Simon Sinek’s ‘Golden Circle’ vs Natalie Nixon’s ‘Creativity Leap’

Inspiration And Insights
2 min readMay 17, 2021
Natalie Nixon and Simon Sinek

Creativity emerges from the interplay of wonder and rigor.

That is the central message of The Creativity Leap, a fantastic book by Natalie Nixon. She taps into a background in cultural anthropology and fashion to create a book that struck me as somehow fundamental, connected to the core of what it means to be human. To be human is to create. It is what makes our souls sing. This is a book about innovation, but it doesn’t stop there — if you are an entrepreneur, an artist, an engineer, a writer, even an accountant, you’ll find ways to benefit from the insights in this book.

Creativity is a Competency

Wonder is our capacity to exercise awe, pause, dream, and ask audacious blue-sky-thinking questions. Rigor is our capacity to exercise discipline and deep skills, to pay attention to detail, and to spend time on task for mastery. Both are necessary for creativity to thrive. In fact, I define creativity as the as the ability to toggle between wonder and rigor in order to solve problems and deliver novel value.

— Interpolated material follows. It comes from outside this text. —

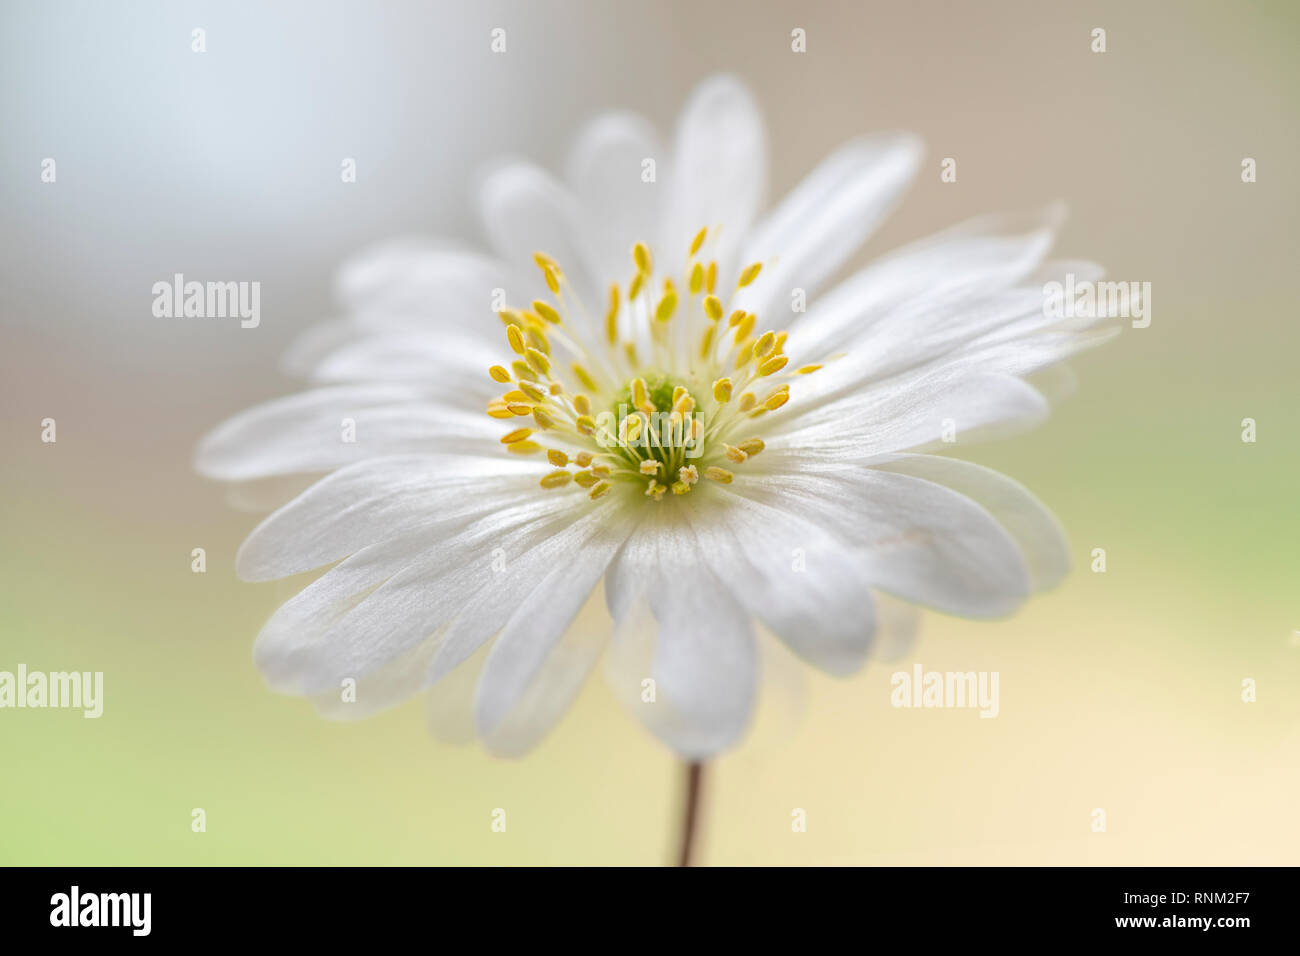 Image de la magnifique printemps, fleur blanche d'Anemone blanda également connu sous le nom de Balkan anemone, Grecian windflower ou hiver windflower Banque D'Images

Simon Sinek explains how to use the Golden Circle model to truly differentiate your brand’s value proposition

Leadership expert Simon Sinek is perhaps best known for giving one of the most popular TED talks of all time, which you can view at the end of this post. The Golden Circle theory explains how leaders can inspire cooperation, trust and change in a business based on his research into how the most successful organizations think, act and communicate, if they start with why.

Marketers will find the most value in his Golden Circle model, which helps give focus to how a business can stand out from similar competitors by communicating its differences.